> WHAT YOU ARE ASKED TO DO: Reproduce the data below verbatim from the line containing "Our Favourite Wedding" through its final line, and produce nothing more.

> DATA PROVIDED:

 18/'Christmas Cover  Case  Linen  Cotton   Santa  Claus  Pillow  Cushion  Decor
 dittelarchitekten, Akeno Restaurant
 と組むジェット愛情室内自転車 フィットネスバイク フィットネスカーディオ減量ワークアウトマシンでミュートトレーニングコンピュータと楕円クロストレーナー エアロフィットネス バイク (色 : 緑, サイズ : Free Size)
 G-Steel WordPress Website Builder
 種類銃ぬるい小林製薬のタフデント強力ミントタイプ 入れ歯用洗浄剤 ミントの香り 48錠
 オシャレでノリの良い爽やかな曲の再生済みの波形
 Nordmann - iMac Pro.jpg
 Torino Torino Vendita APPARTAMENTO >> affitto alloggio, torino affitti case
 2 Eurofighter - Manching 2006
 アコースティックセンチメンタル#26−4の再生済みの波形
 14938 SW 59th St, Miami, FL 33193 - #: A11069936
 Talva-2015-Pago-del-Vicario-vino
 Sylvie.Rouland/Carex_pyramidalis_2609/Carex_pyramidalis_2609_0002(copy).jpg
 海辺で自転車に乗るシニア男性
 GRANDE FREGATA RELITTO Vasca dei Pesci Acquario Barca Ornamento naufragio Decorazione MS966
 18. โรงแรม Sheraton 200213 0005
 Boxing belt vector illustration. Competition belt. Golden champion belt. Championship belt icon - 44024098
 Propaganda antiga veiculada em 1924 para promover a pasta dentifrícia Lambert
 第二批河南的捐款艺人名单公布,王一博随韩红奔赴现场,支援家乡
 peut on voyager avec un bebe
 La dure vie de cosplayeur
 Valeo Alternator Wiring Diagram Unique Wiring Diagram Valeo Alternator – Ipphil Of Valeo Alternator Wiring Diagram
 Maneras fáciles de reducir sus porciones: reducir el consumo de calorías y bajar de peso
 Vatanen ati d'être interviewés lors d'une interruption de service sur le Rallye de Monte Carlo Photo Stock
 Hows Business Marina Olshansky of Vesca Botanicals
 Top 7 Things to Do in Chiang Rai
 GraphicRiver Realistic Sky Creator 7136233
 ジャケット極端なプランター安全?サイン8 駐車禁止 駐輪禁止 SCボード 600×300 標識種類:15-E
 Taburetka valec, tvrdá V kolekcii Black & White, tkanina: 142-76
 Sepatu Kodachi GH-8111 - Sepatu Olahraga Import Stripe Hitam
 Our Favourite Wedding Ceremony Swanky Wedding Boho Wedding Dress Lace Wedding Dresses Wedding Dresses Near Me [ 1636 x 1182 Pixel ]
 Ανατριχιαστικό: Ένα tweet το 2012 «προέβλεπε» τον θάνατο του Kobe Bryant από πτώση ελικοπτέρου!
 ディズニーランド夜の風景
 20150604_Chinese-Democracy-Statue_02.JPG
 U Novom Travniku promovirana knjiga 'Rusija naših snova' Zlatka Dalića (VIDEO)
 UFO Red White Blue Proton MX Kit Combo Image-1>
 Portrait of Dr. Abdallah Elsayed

> SOLUTION FOR THIS PROBLEM:
 Our Favourite Wedding Ceremony Swanky Wedding Boho Wedding Dress Lace Wedding Dresses Wedding Dresses Near Me [ 1636 x 1182 Pixel ]
 Ανατριχιαστικό: Ένα tweet το 2012 «προέβλεπε» τον θάνατο του Kobe Bryant από πτώση ελικοπτέρου!
 ディズニーランド夜の風景
 20150604_Chinese-Democracy-Statue_02.JPG
 U Novom Travniku promovirana knjiga 'Rusija naših snova' Zlatka Dalića (VIDEO)
 UFO Red White Blue Proton MX Kit Combo Image-1>
 Portrait of Dr. Abdallah Elsayed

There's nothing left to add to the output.